Thursday, December 10, 2015

Stem Cell Cures: Who is Going to Pay?

Image result for money and medicineMoney and the FDA were on the agenda today over at The Stem Cellar.

The Cellar is the blog of the $3 billion California stem cell agency, whose minions were on the scene in Atlanta for the World Stem Cell Summit.

Kevin McCormack, the agency’s senior director for communications, wrote about the FDA, only a couple of weeks after the agency took on the FDA for slowness and excessive caution. Don Gibbons, who also works in communications for the agency, wrote about the minor matter of money -- just who is going to pay for stem cell therapies.

First, the money bit, since as Gibbons points out,

The bottom line: stem cell therapies will never be widely available if insurers won’t pay for them”

Gibbons wrote about a panel dealing with that dubious euphemism -- “reimbursement:”

Elizabeth Powers of the IMS Consulting group suggested the audience pay close attention to the cancer market.  She said insurers and other payers of health care services are tired of paying for ‘statistically significant’ improvements in survival that only translate to a few weeks on average. She said payers are moving away from just whether a new therapy is different from prior therapies and want to be shown true value.”

Use of the word “reimbursement” is Big Pharma’s way of NOT saying that profits must be made if treatments are going to be produced. Unfortunately, the use of the term ill serves the industry by creating the impression among the public that they are being hornswoggled with jargon. The word smacks of entitlement, as if someone should guarantee the drug companies billion-dollar earnings.

McCormack focused on what he called a “clarion call” by Robert Califf, the deputy commissioner for the Food and Drug Administration (FDA), who has been with the FDA only eight months. Califf called for deeper patient involvement in drug development decisions.

McCormack also wrote,

“(Califf) says the first goal of the FDA has to be to protect the public, and that it’s hard to balance safety and innovation. ‘That’s an issue we struggle with every day.’”

McCormack did not link to the strong language concerning the FDA found in his agency’s new plan for spending $900 million over the next few years in search of a stem cell therapy.

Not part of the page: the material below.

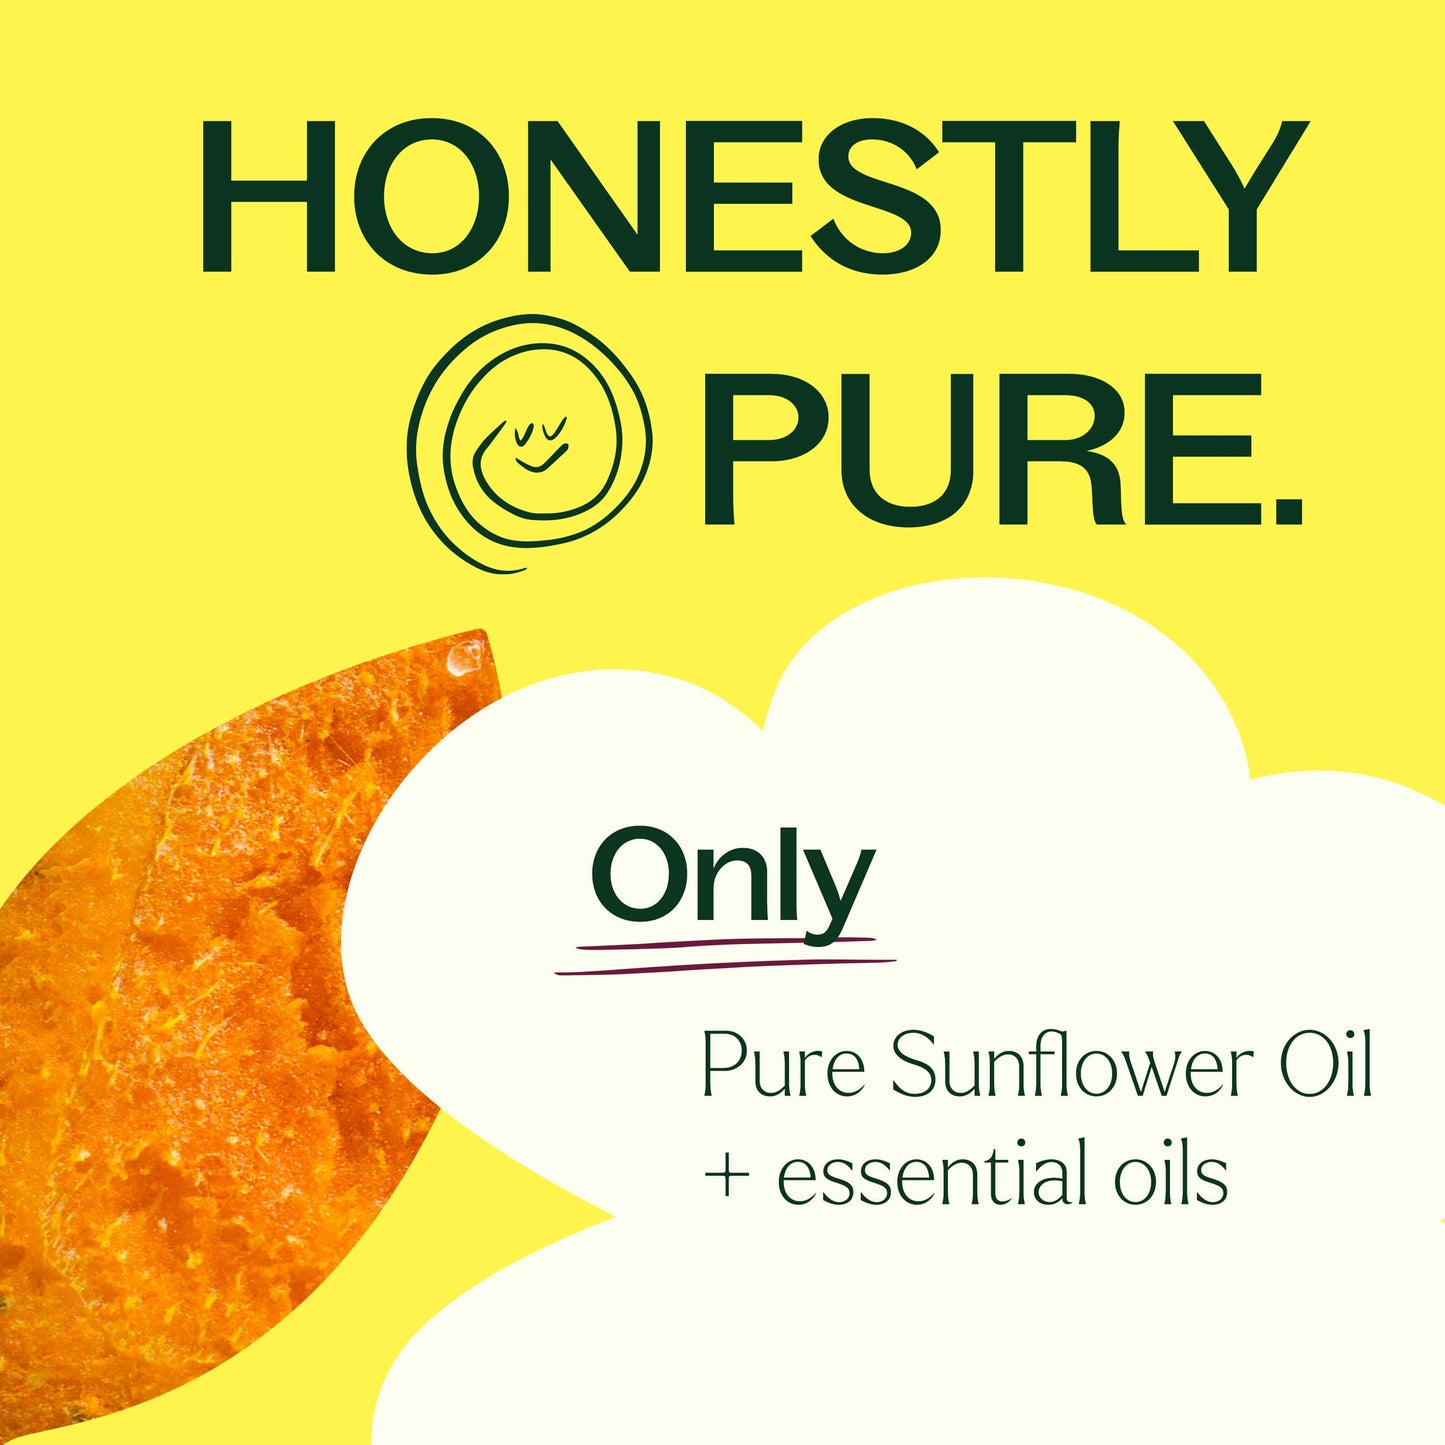 Soft Skin Body Oil is honestly pure with only pure sunflower oil with essential oil

Underlying both pieces on The Stem Cellar are two issues for the CIRM board to consider next week as it eyes the future. Does the agency, which will cost the California public roughly $6 billion including interest, want to fund research that is likely to lead to enormously expensive treatments that insurers and the federal government (via Medicare and Medicaid) will be reluctant and even refuse to pay for.

The usual argument is that prices will ultimately come down. However, we have already seen strong evidence to the contrary. The concerns have risen to the level of presidential politics and are not likely to vanish, regardless of the hopeful expectations of industry.

As for the FDA, when safety is the all-pervasive driving force of the FDA, it naturally will lead to slower action and caution on new treatments.  California’s stem cell agency, however, is looking for significant results in the next five years. Its money is running out. Cash for new awards will vanish in 2020. And the possibility of raising significant new funds is bleak if the agency cannot show major results after what will be 16 years of effort.